I am who I am, and that is all I need to be.
I've actually liked myself in certain times of my life.
The rest of my life I have hated myself. In my realization of self-hate after JR died, I had to first admit to myself that the self-hate existed and then forgive myself, which I did.
However, it has been quite a journey back to liking myself. But you know, that is not good enough! It must be love myself.
I've written about why I have hated myself at times. It goes back to my childhood and one of the learned experiences from my father of not being good enough. I was never good enough in his eyes and I hated myself for it. I longed for the acceptance I never received.
The phases of loving myself were during the successful times of my life. I knew I was good enough. You know I'm my biggest critic . . . it is what I learned as a child! I've had many successes in my life and very proud of those times, which makes the not so successful times of my life more pronounced.
Fast forward to present times.

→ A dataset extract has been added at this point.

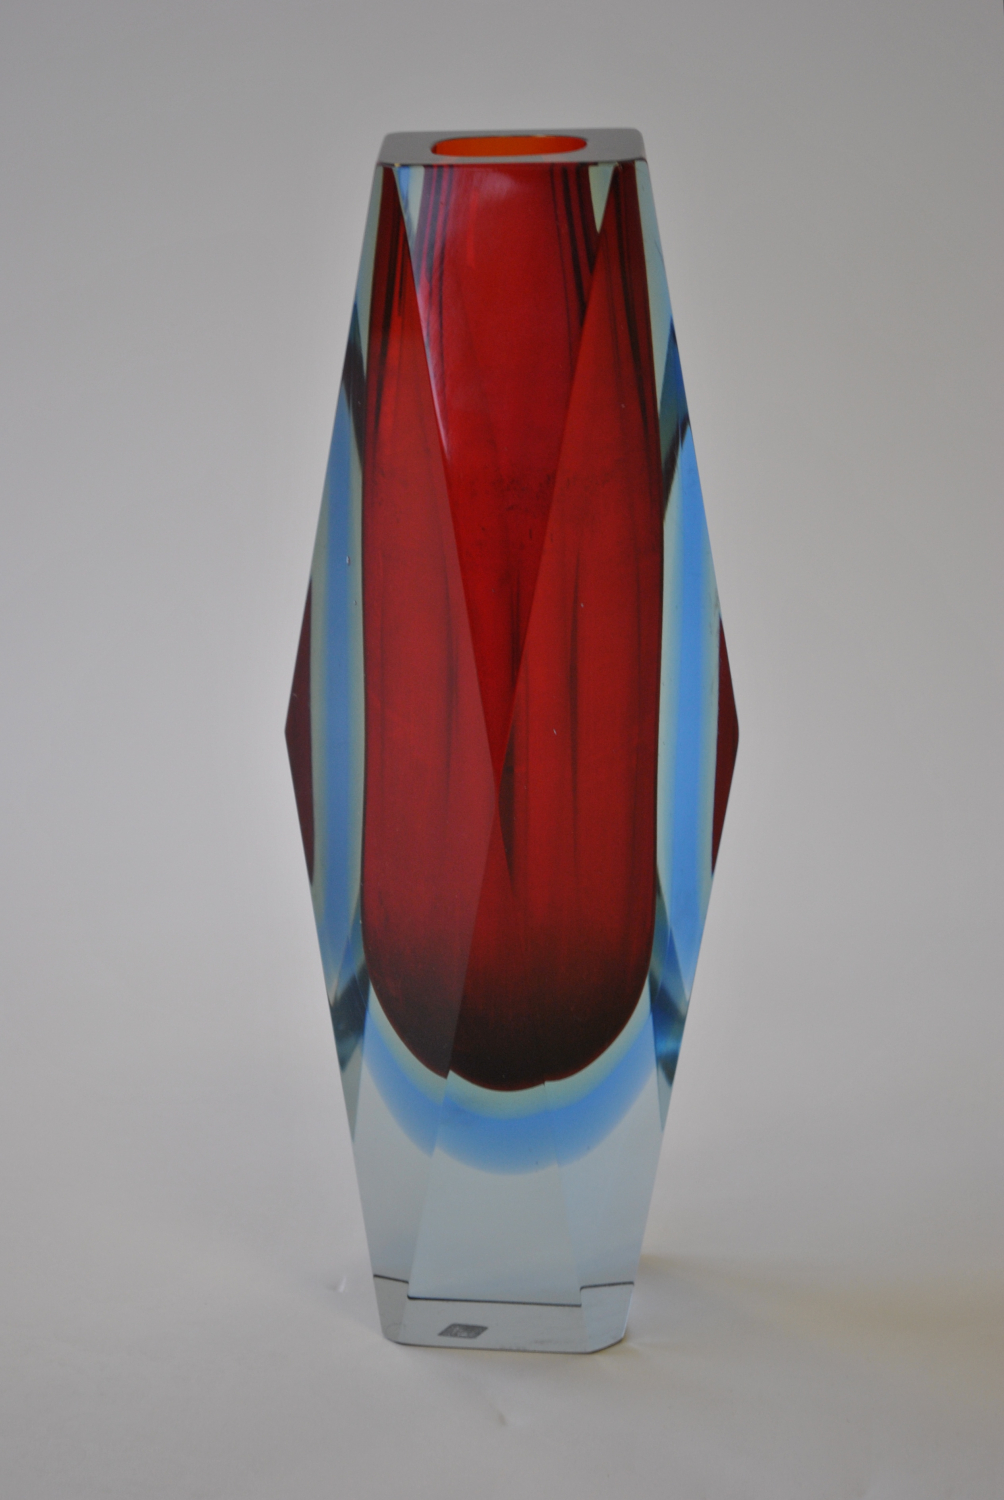 Mandruzzato Glass Vase
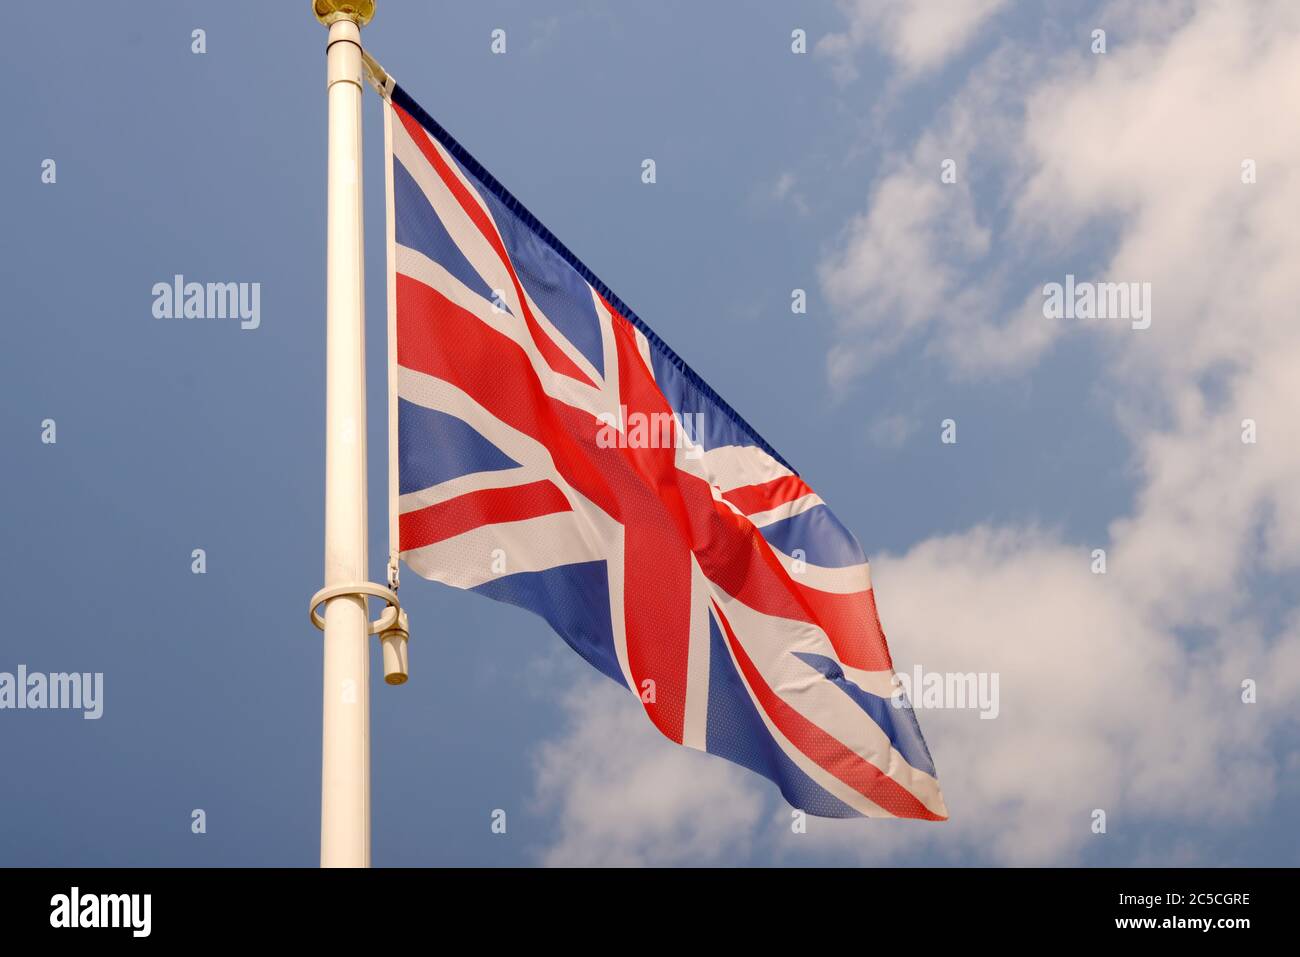 Flagge des Vereinigten Königreichs von Großbritannien und Nordirland Flagge des Vereinigten Königreichs von Großbritannien und Nordirland Stockfoto

Life experience has taught me that I am who I am and that is all I need to be. Self-acceptance is what it is and not so easy for me. The opinions of others are just their opinions and I am caring less each day what anyone thinks about me.
Self-acceptance is especially difficult when I'm not accomplishing anything and simply living my life. My parents pounded "accomplishment" into my head like that is all that life was about. That thinking is so wrong. Accomplishment is important, but not all that should consume one's life.
I always ask myself the question "What is normal anyway" . . . and I still don't have the answer. Never will I apologize for who I am with all my flaws and whatever "normal" is, I am not.
There are times when I backslide and start to hate myself again, but I am recognizing those times and learning how to turn it around.
I am who I am . . . a complicated contradiction of myself.
There are times when I backslide and start to hate myself again, but I am recognizing those times and learning how to turn it around.
I am who I am . . . a complicated contradiction of myself.